I love the people of this culture and Jr was very much of the culture. We did think differently in that he never thought in abstractions, and I found I think way too much in abstractions, so I let his influence help me get past so much abstract thinking. It's like using latinate words in excess. I found Jr's way of thinking much more interesting than my own. His thinking was in the now, good at figuring things out. Jr's intelligence made me feel puny. I found his intelligence way beyond mine, his altruism was like in very few I've ever known, his self-sufficiency not even a question, his humility the real thing. Jr's knowledge was all first hand. Mine, 2nd, 3rd, 4th, 5th. Like I say, a very different way of thinking. That's what I liked about Jr as a friend.

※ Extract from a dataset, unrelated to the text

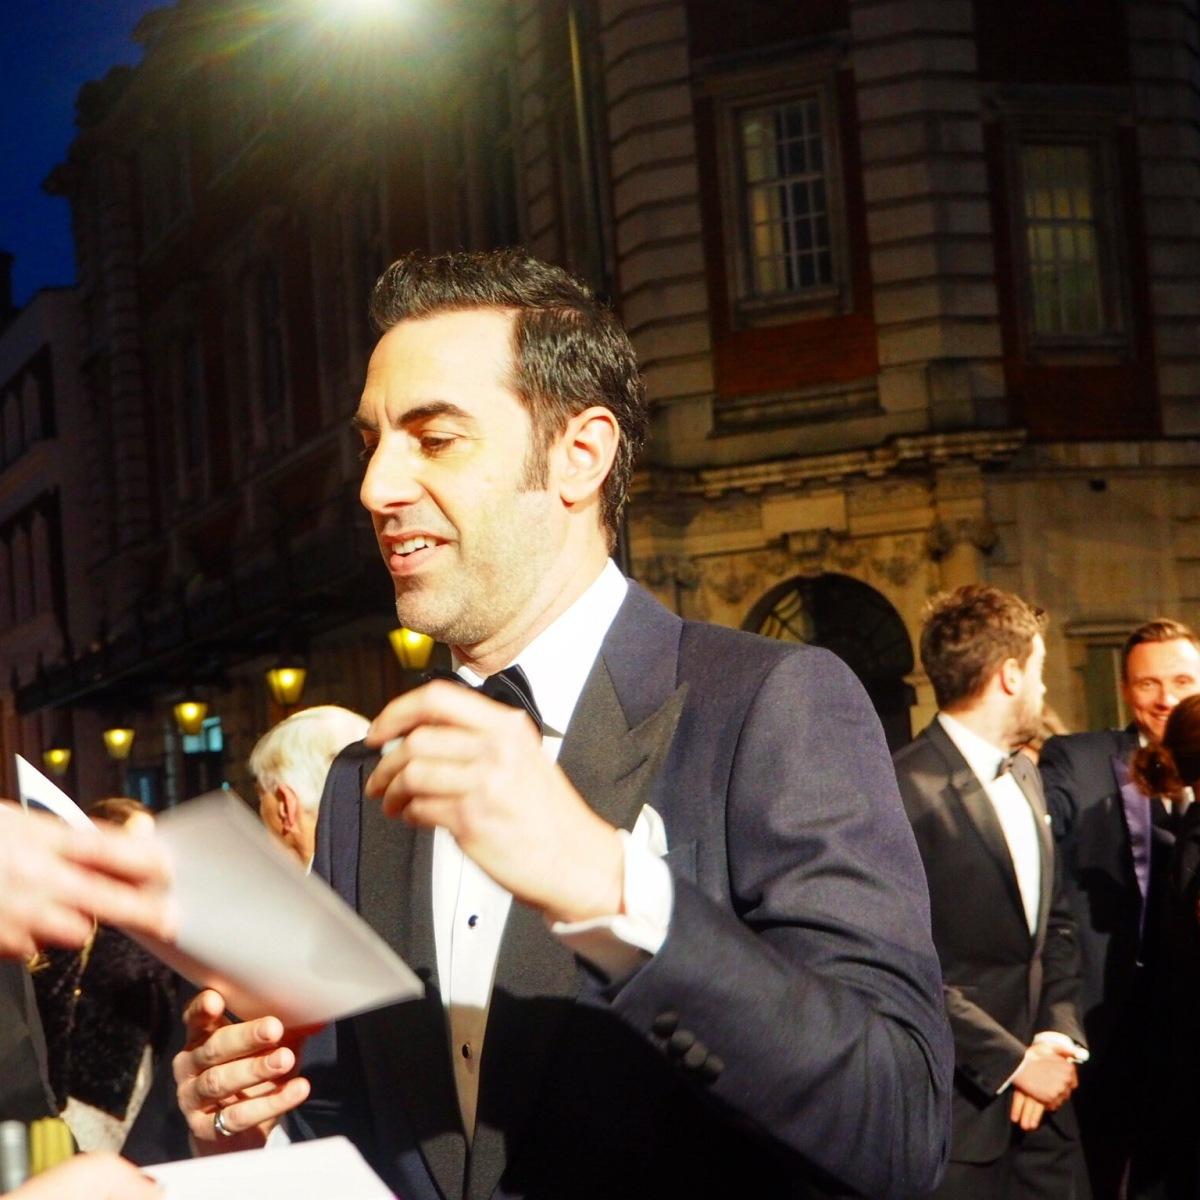 Sacha Baron Cohen signing on the #EEBAFTAs Red Carpet 2016 taken on an Olympus OMD EM10

In my first years in these mountains I was fairly well lost in that I had not anticiped such a very different way of thinking in the people I came to live among. Perhaps at the root of the difference is that the people I knew here got their intelligence by experience. Where I came from, people got their intelligence studying for tests. My grammar is according to school. Theirs is according to experience. It's a living language here, where mine is a book language. Since I've been here, I've been getting more learning by experience, paying closer attention to experience. I value both ways of learning. I actually believe experience is the better teacher. But reading can add some dimensions inaccessible to experience. I recall seeing a woman a couple years after school who had been in my Shakespeare class. While we were talking, I said something about Shakespeare and she said, "I forgot everything about Shakespeare when I turned in the final exam." You can't do that with experience. Experience has a way of sticking with us.